Оба Свики были поражены, как это им самим лет двадцать тому назад не пришло в голову, что можно вести столь дешевый образ жизни? Теперь они нехорошо молчали. Наконец отец убрал кулаки со стола. Щека с бородкой исчезла в сумерках передней. Открыв еще и входную дверь, Бинний почувствовал себя в безопасности, потому что по лестнице он определенно смог бы спуститься быстрее, чем отец невесты. Байба последовала за ним.

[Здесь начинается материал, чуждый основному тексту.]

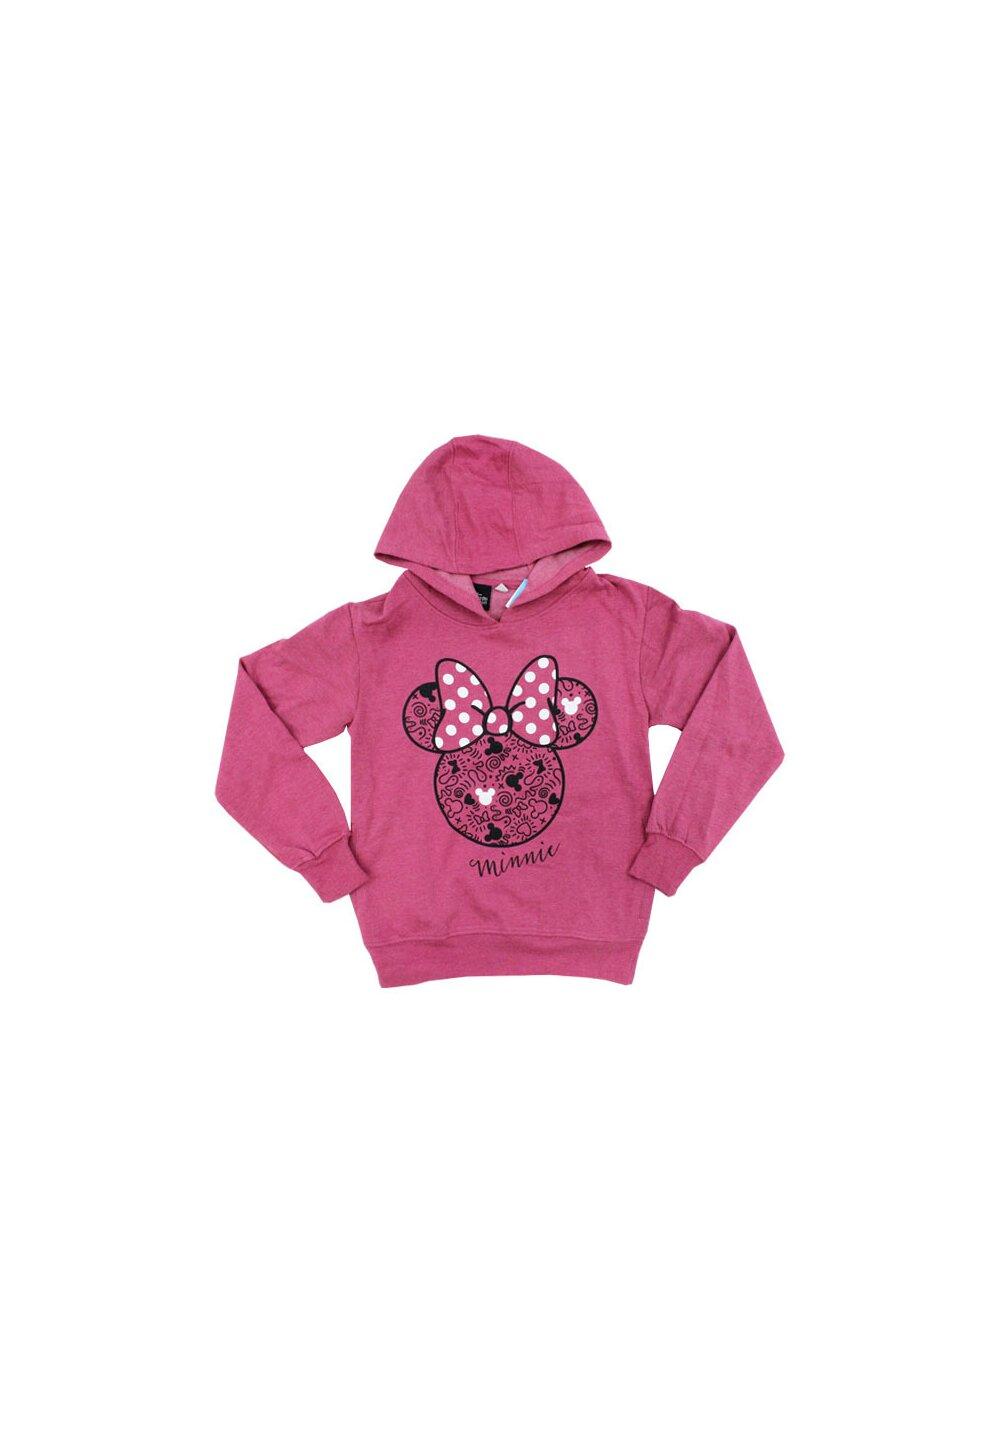 Hanorac cu gluga, Minnie Mouse, roz inchis
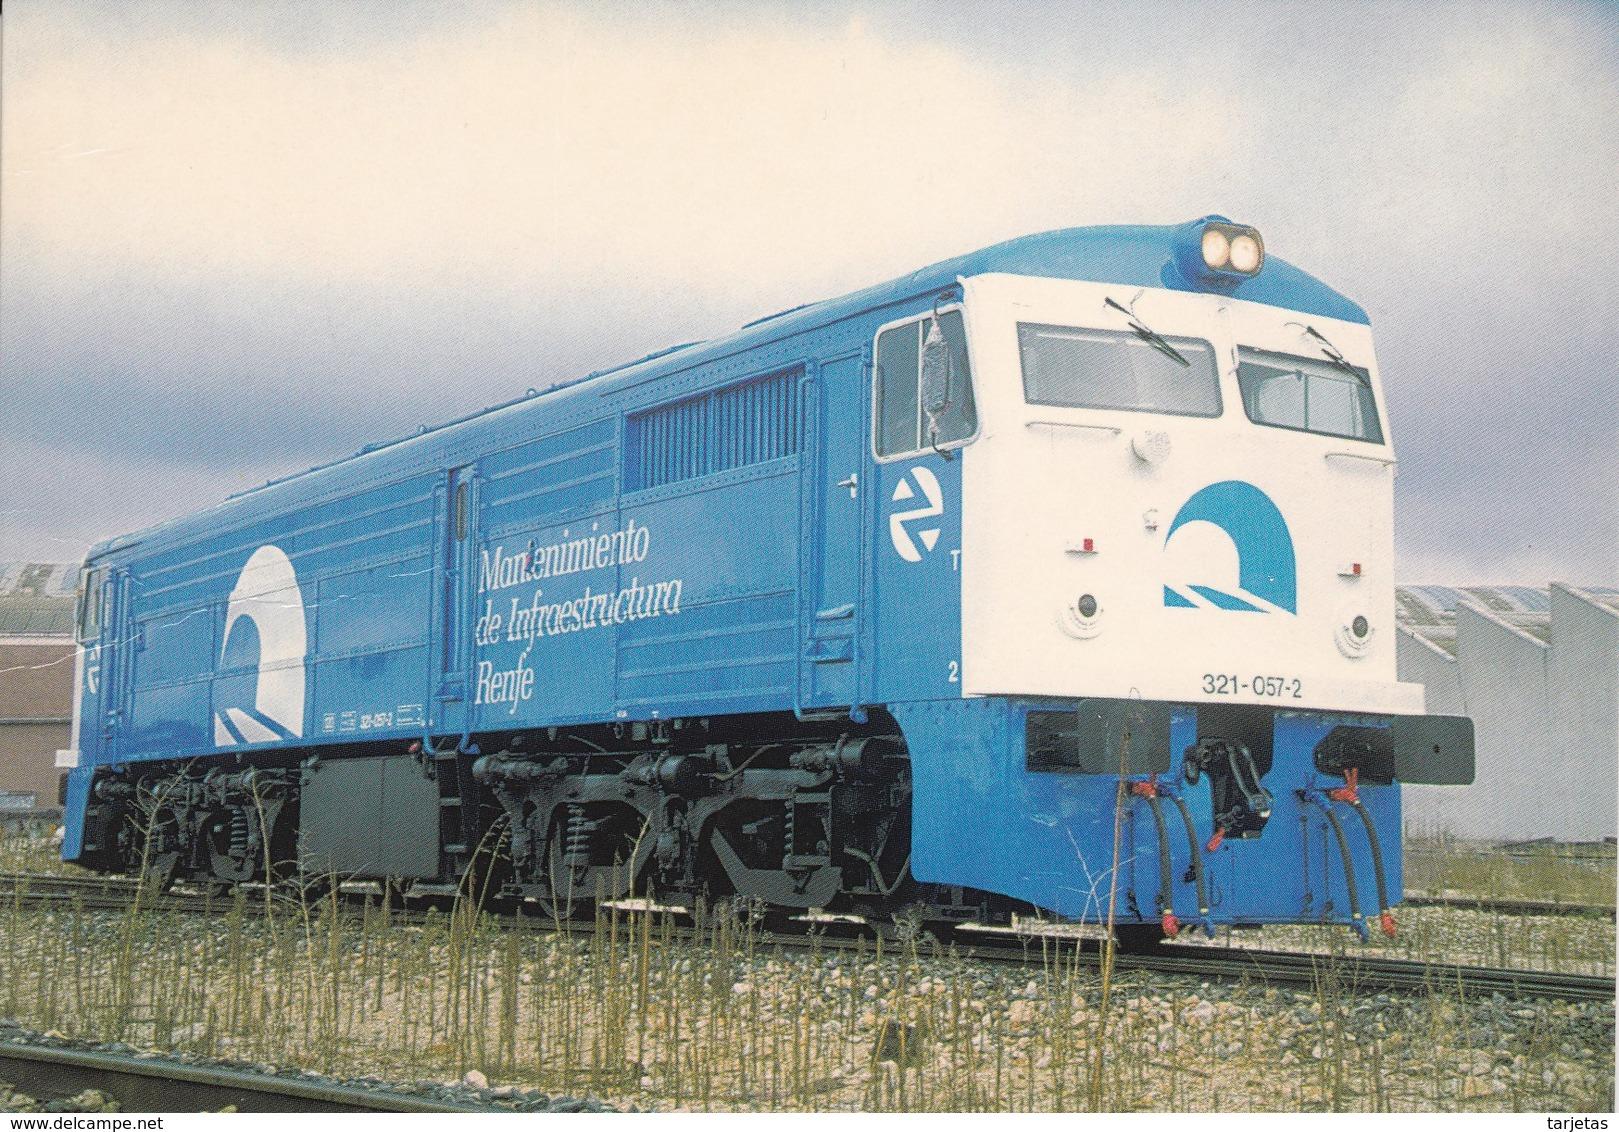 Nº 883 POSTAL DE LOCOMOTORA DIESEL ELECTRICA 321.057 EN VILLAVERDE BAJO (TREN-TRAIN-ZUG) AMICS DEL FERROCARRIL - Trenes

— Если вы не будете платить мне сорок рублей в месяц и в августе не устроите свадьбу, я учиться не: стану и домой не приду. Можете еще до утра подумать, — позволила дочь, затем дверь захлопнулась.

Несъеденную камбалу мать убрала в холодильник.

— Не передумать ли нам… Тогда Байба будет учиться… — рассуждала мать.

— Подруга, у которой ты позволяла ей оставаться на ночь после школьных вечеров, оказалась с бородой! — взревел отец, ибо жена не дочь, не сбежит.

— А ты просил разрешения у моей мамы, когда меня по ночам провожал домой? — не сдавалась мать.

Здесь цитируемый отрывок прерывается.